Depois de colocar José Eugénio Patrício contra a parede o tribunal concluiu que o declarante sabe perfeitamente da operação, uma vez que os documentos na posse dos juízes não deixam qualquer margem para dúvidas.

Na busca de provas para julgar o escândalo financeiro surgem valores astronómicos que foram desviados, o que leva muita gente a acreditar que até o final do julgamento a estimativa do montante que o estado são-tomense perdeu no GGA pode ultrapassar os 3 milhões de dólares.

O julgamento deixa a opinião pública entender que muitos empresários da nossa praça que chegaram mesmo a ser promovidos em jornais como sendo empresários do ano ou do mês, poderão ter começado a amealhar a sua fortuna através do saque dos fundos do GGA que deveriam atender as necessidades das populações mais pobres.

Um caso sério e complicado que envolve também uma empresa portuguesa. Em 2003 cerca de 44 mil euros foram sacados dos cofres do GGA para comprar produtos alimentares para abastecimento do mercado da região do Príncipe. Segundo os documentos apresentados pelo tribunal tais produtos deveriam chegar com urgência ao país e a preços concorrenciais. Certo porém é que após a operação de transferência do montante para a conta da firma portuguesa, os produtos não chegaram ao país. Passados vários meses e só depois da explosão do escândalo financeiro é que uma parte dos contentores da mercadoria urgente chegou a São Tomé.

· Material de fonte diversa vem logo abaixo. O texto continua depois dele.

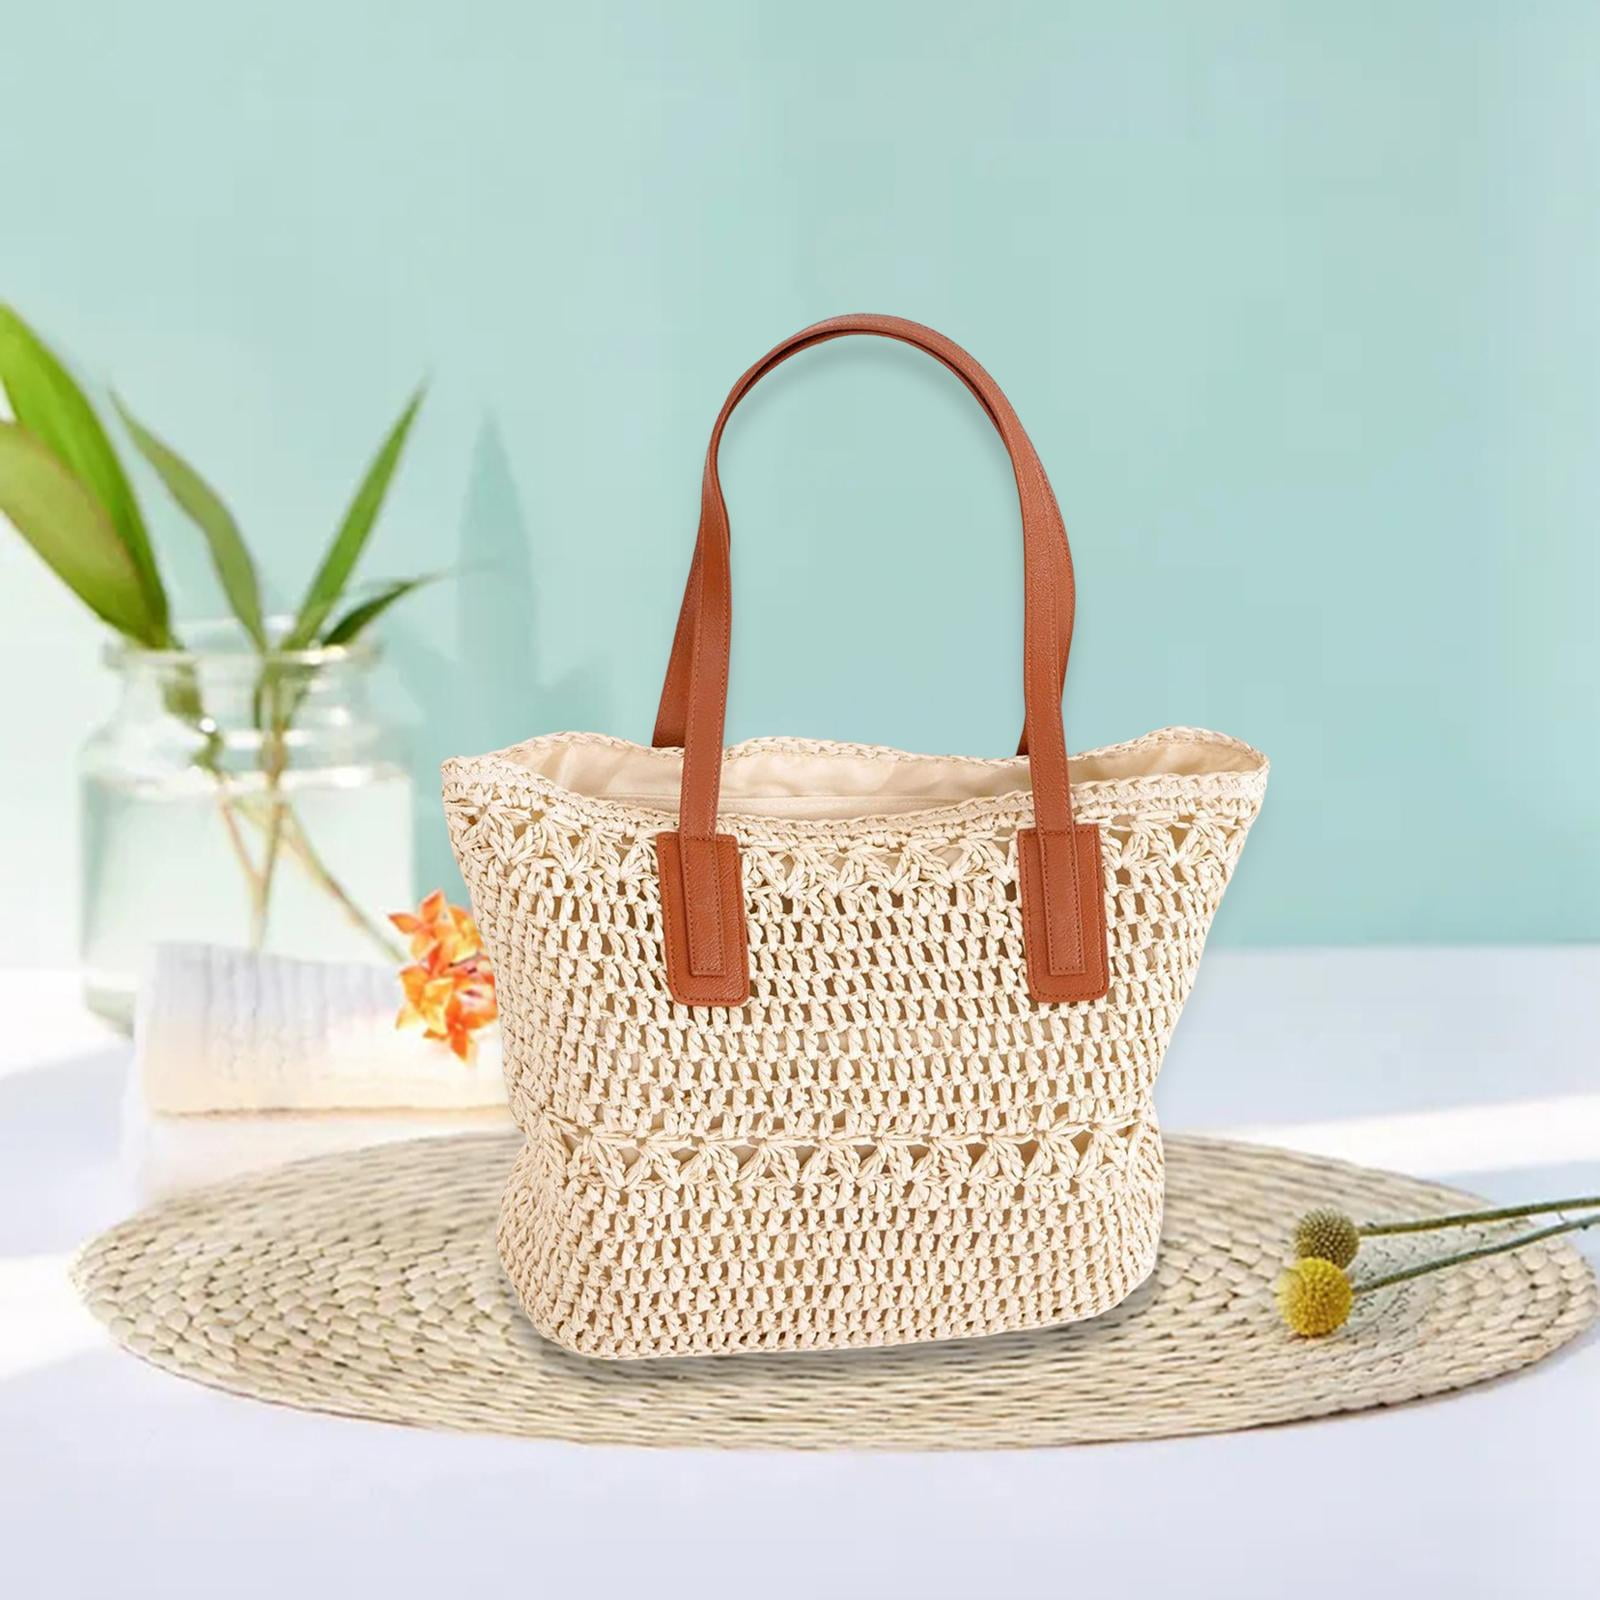 Chic Chic Large Straw Bucket Bag Straw Woven Shoulder Bag Boho Style Woman Purse  Bag Gift for Her Straw Purse for Travel - Etsy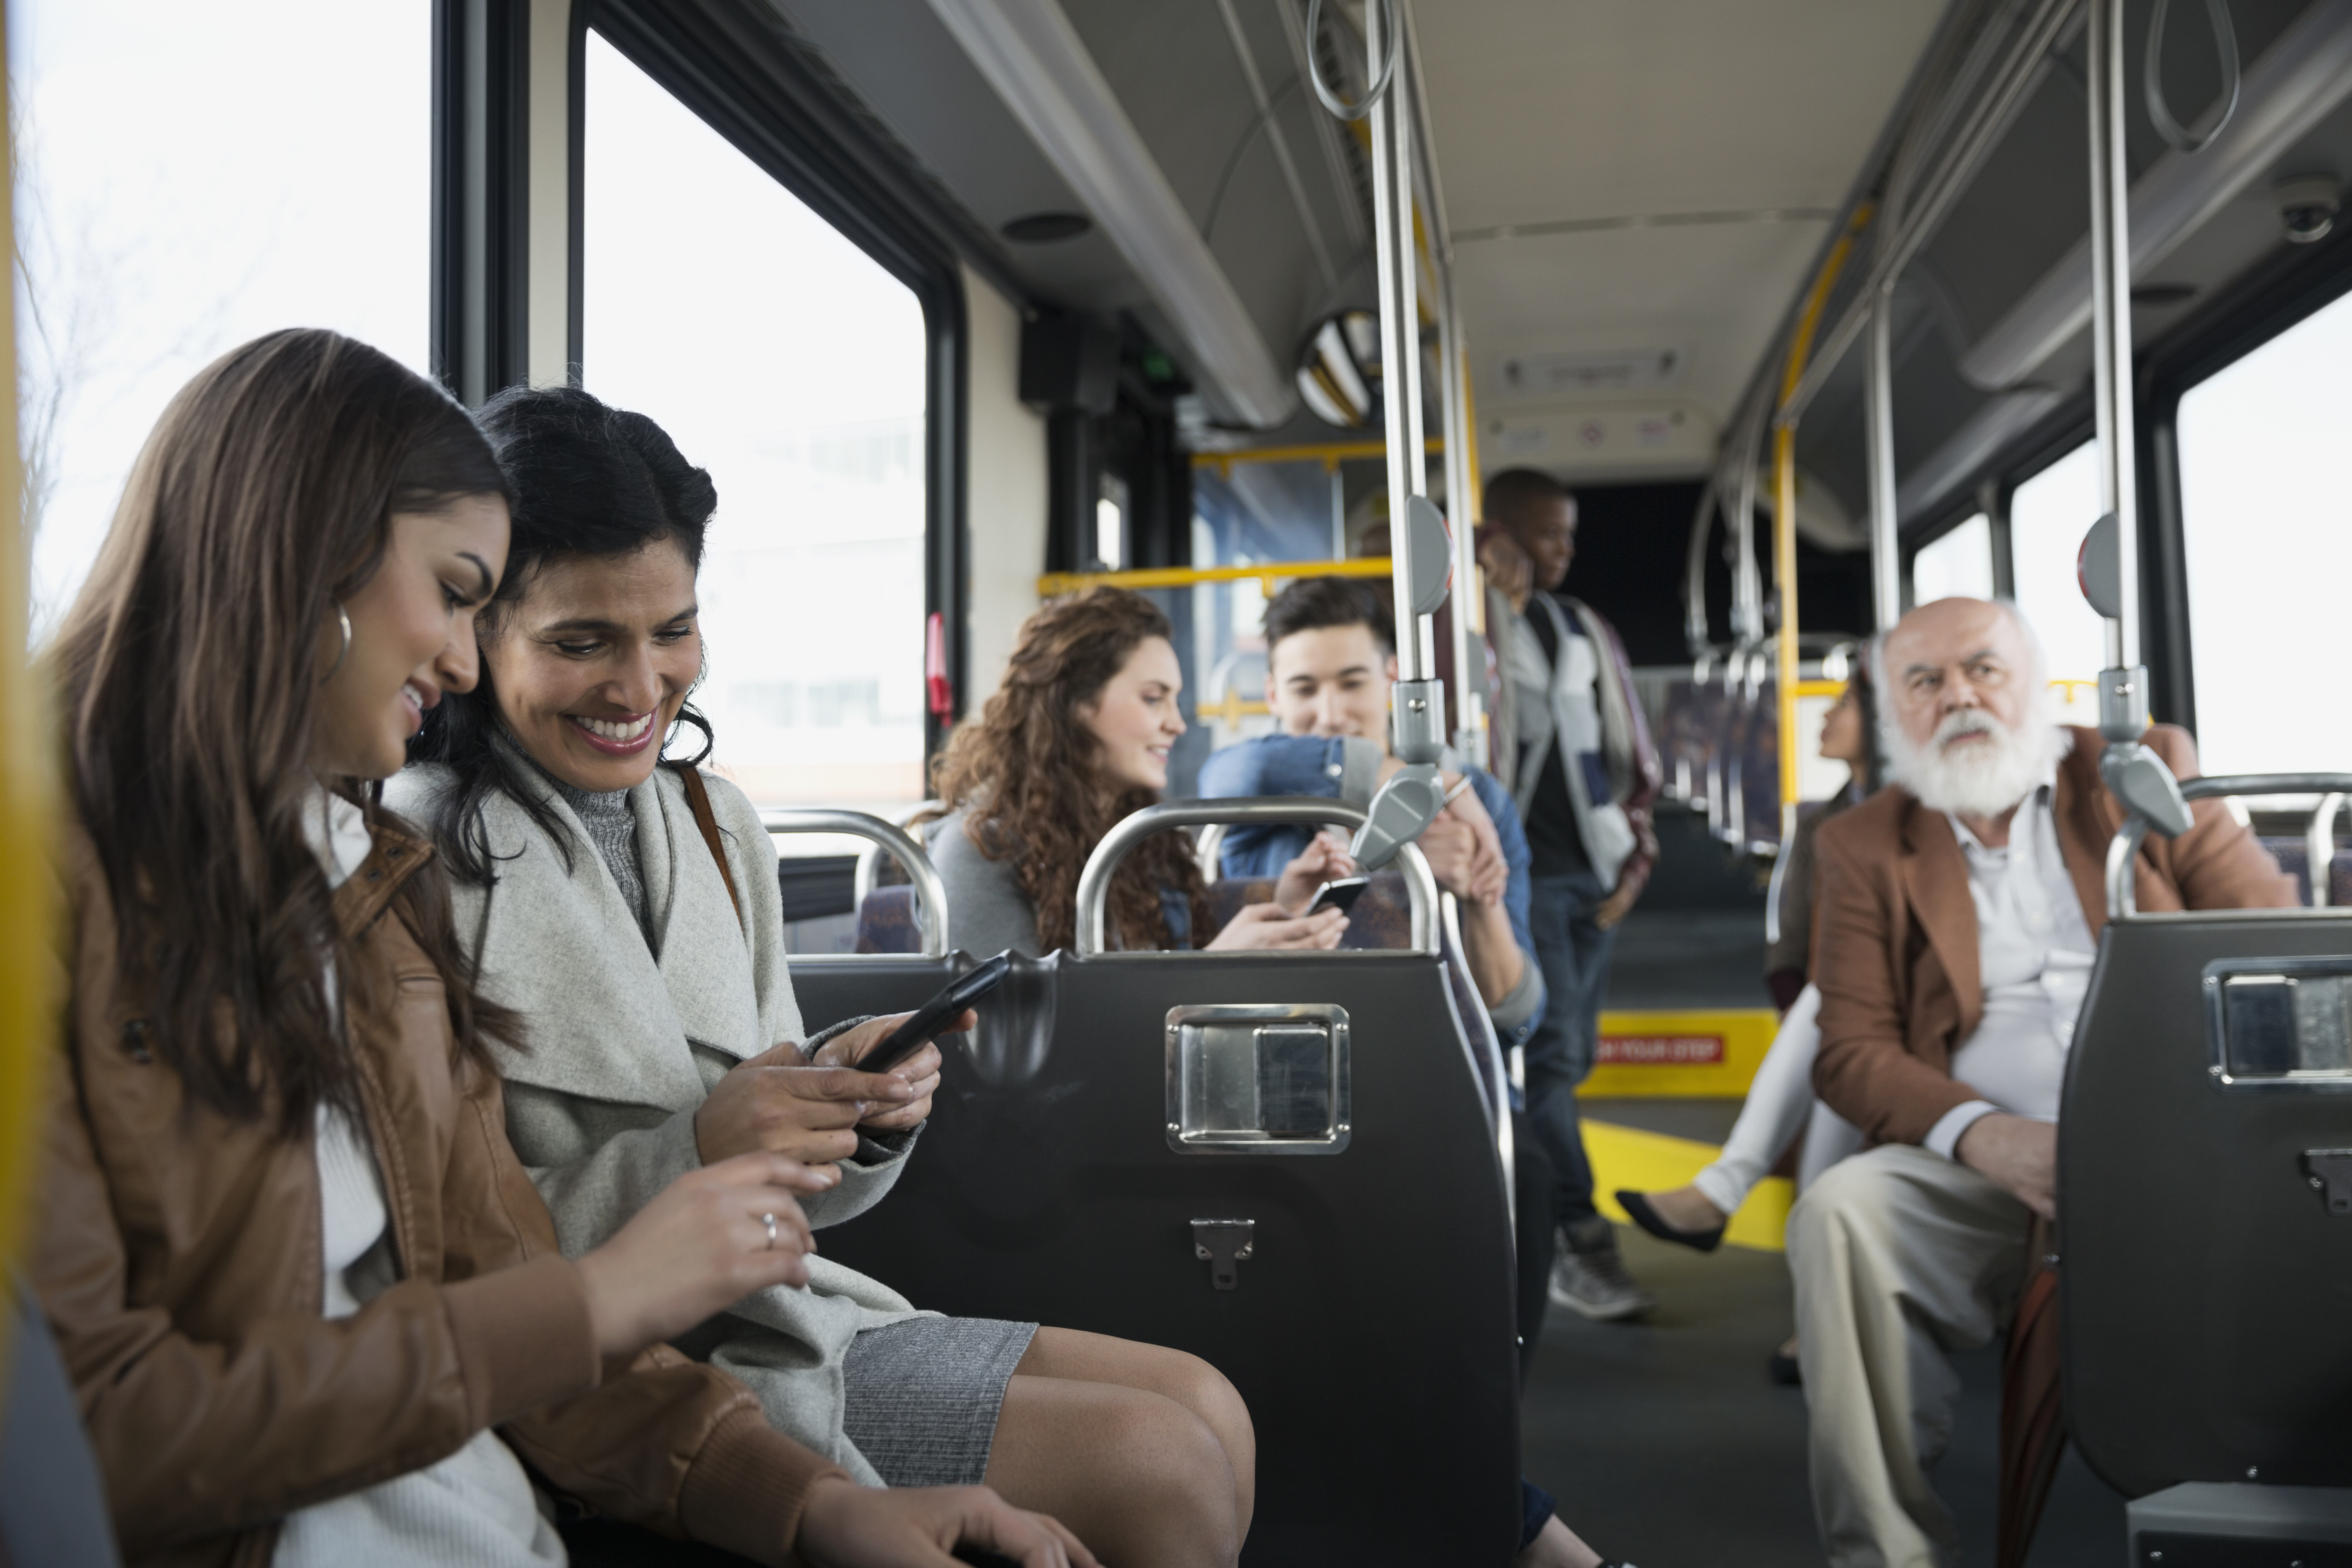 Foothill Transit pilot program gives free rides for one year

O preço de venda não foi concorrencial e pelo que o Téla Nón apurou dos 44 mil euros de compra o país só recebeu produtos equivalentes a 22 mil euros.

O caso GGA continua a surpreender o país, e um dos juízes manifestou-se preocupado com o facto de os declarantes não estarem a ajudar o tribunal no apuramento das provas materiais. O juiz fez questão de anunciar que não se está no tempo da inquisição, por isso mesmo não se pode coagir as pessoas a dizer a verdade.